The arbitrator by his award directed a verdict to be entered for the plaintiff on the first issue, damages, 20s, and for the defendant on the second issue. A verdict was thereupon entered on the postea for the plaintiff, damages 20s., costs 40s. An order was afterwards obtained by the defendants from Maule, J., at chambers, to amend the postea, by striking out the award of costs.
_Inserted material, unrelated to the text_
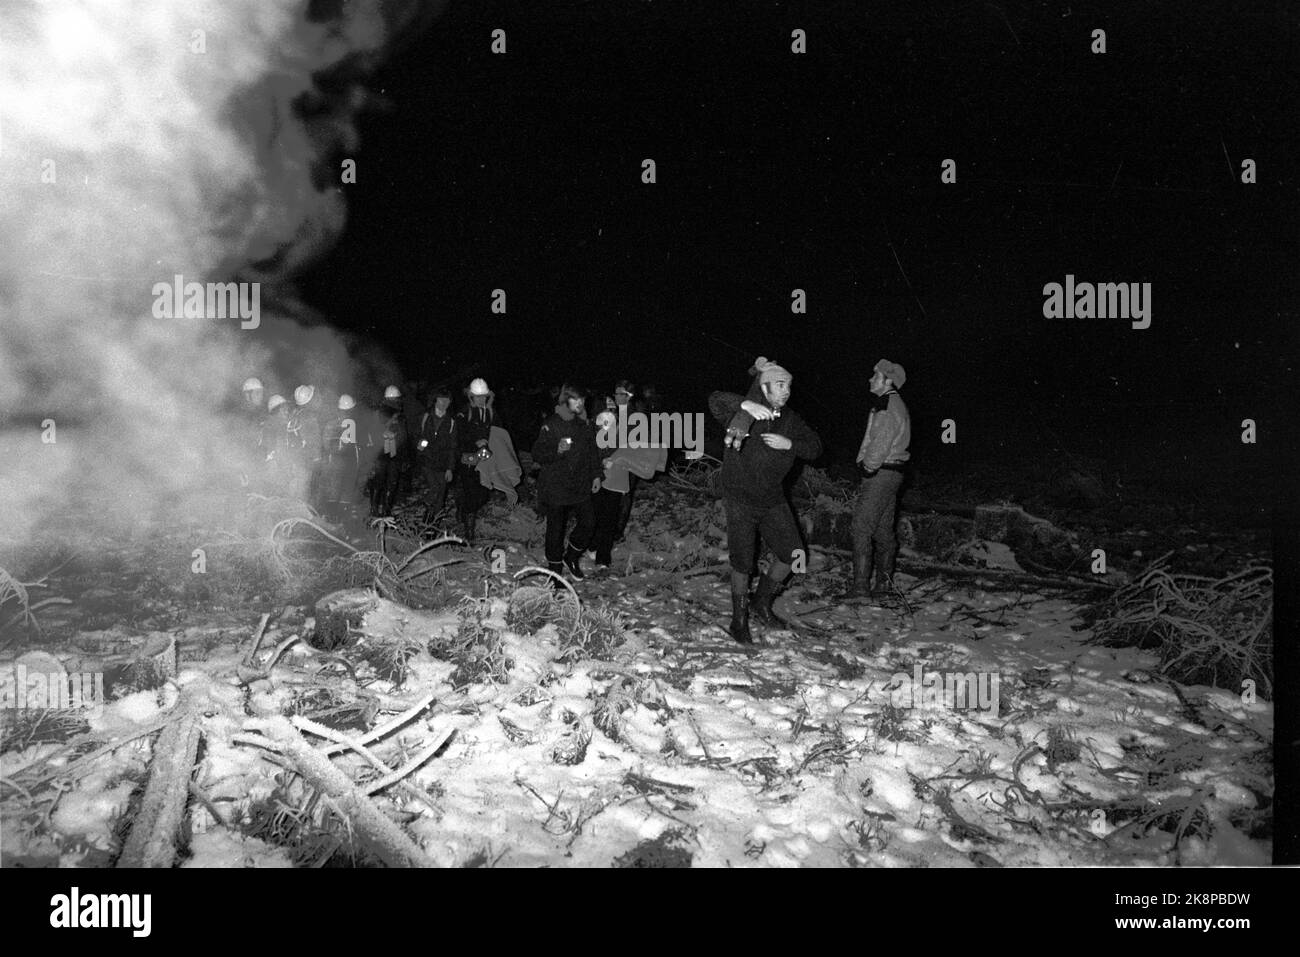 Asker 19721223 der Flugzeugabsturz in Vestmarka am kleinen Heiligabend, bei dem ein Fokker Fellowship Fly von Braathens Safe abstürzte und 40 Menschen umkamen. Die ersten Hilfskräfte werden durch das brennende Flugzeug gefördert. Foto: NTB / NTB Stockfoto

The master, on taxation, having refused to allow the plaintiff any costs of the trial, on the ground that he had recovered "by verdict of a jury, less damages than 40s.,"

Honyman, in Easter Term last, obtained a rule calling upon the defendants to shew cause why the taxation should not be reviewed, and why (if necessary) the order of Maule, J., should not be rescinded, and the award set aside, or referred back to the arbitrator, on the ground that he had omitted to award anything to the plaintiff for his costs on the first issue.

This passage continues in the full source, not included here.